Software Carpentry's Version Control with Git Tutorial

Practical Implementation

1. Project Structure

project_name/
├── README.md              # Project description and setup
├── requirements.txt       # Python dependencies
├── renv.lock             # R package versions
├── data/                 # Raw and processed data
│   ├── raw/             # Original data files
│   ├── processed/       # Cleaned/processed data
│   └── README.md        # Data documentation
├── scripts/              # Analysis scripts
│   ├── 01_data_cleaning.R
│   ├── 02_analysis.R
│   └── 03_visualization.R
├── results/              # Output files
│   ├── figures/         # Plots and graphs
│   ├── tables/          # Data tables
│   └── README.md        # Results documentation
├── docs/                 # Documentation
│   ├── methods.md       # Methodology
│   └── results.md       # Results summary
└── .gitignore           # Files to exclude from version control

2. Git Workflow

# Initialize repository
git init
git add .
git commit -m "Initial commit: project setup"

# Make changes and commit
git add scripts/analysis.R
git commit -m "Add differential expression analysis"
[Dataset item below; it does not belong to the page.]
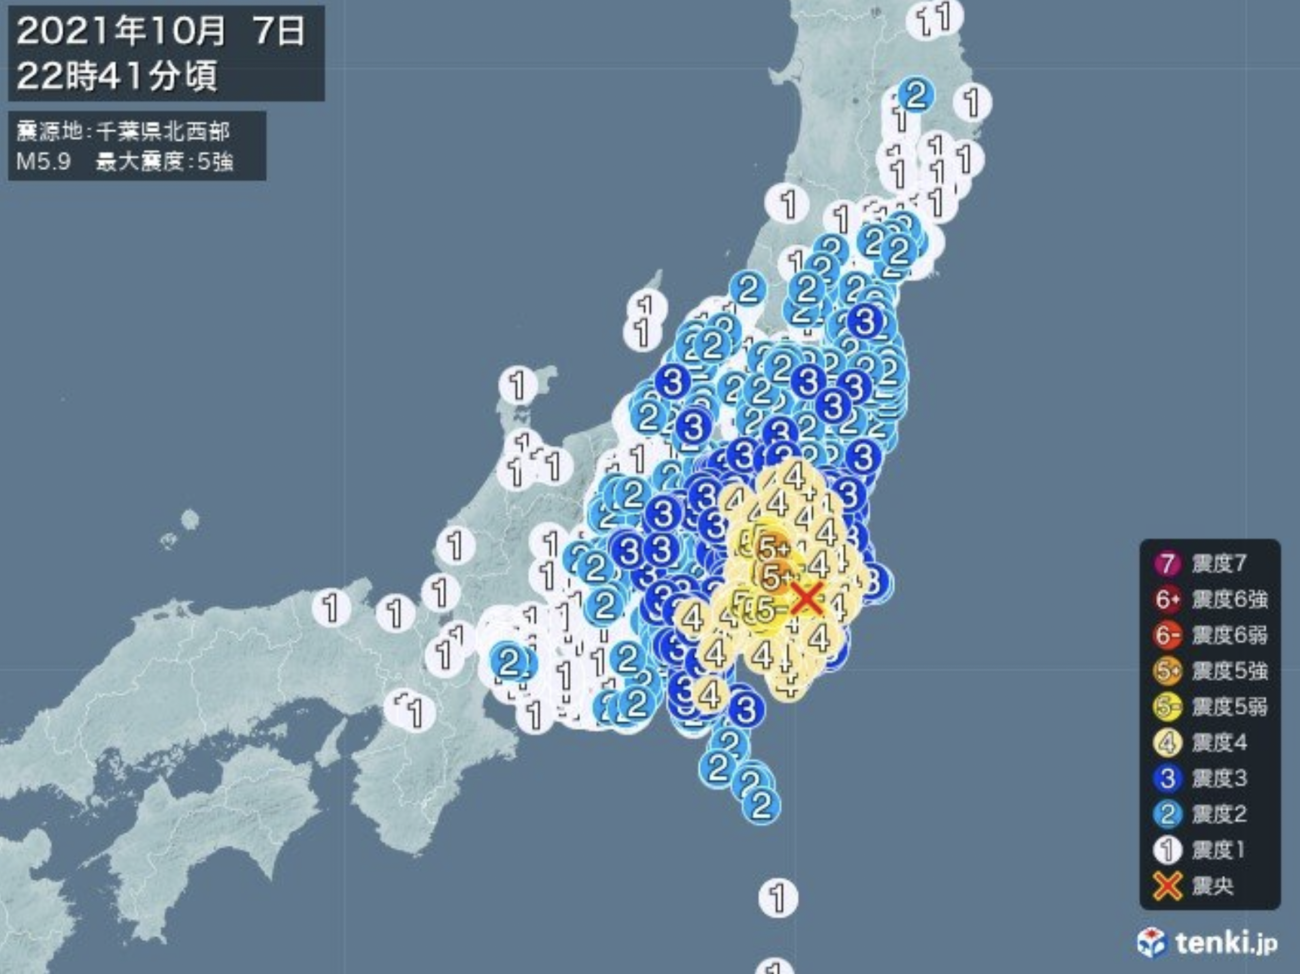 人工地震 東京で震度5強の地震 揺れは人工地震特有の波形 震源地は千葉ポートタワー直下と判明 Rapt理論のさらなる進化形

# Create branch for experiment
git checkout -b experiment/new_method
# ... make changes ...
git add .
git commit -m "Implement new analysis method"
git checkout main
git merge experiment/new_method

# Tag important versions
git tag -a v1.0.0 -m "First stable release"

3. Environment Management

Python (conda)

# Create environment
conda env create -f environment.yml

# Activate environment
conda activate myproject

# Export environment
conda env export > environment.yml

R (renv)

# Initialize renv
renv::init()

# Install packages
renv::install(c("tidyverse", "DESeq2"))

# Snapshot current state
renv::snapshot()

# Restore environment
renv::restore()

Best Practices Checklist

Before Starting Analysis

Project setup: Create organized directory structure
Version control: Initialize Git repository
Environment: Set up isolated computing environment
Documentation: Create README and project description

During Analysis

Code comments: Add clear comments explaining logic
Regular commits: Commit changes frequently with descriptive messages
Data tracking: Document data sources and processing steps
Parameter logging: Record all analysis parameters

After Analysis

Results documentation: Document all outputs and interpretations
Environment export: Export environment specifications
Code review: Review and clean up code
Archive data: Store raw data and results securely

Tools and Resources

The container runtime that allows you to run the workflow in a self-contained environment. We use it to run a Docker container image.

The package manager that operates inside the container to manage the specific software packages required by the Snakemake rules.

The workflow management system that orchestrates the analysis, using Conda to create reproducible environments for each step.

This is the most important page to visit when learning how to execute, debug, and configure your workflow.

While the official tutorial is a great start, we recommend the one from The Carpentries for its detailed, bioinformatics-focused approach.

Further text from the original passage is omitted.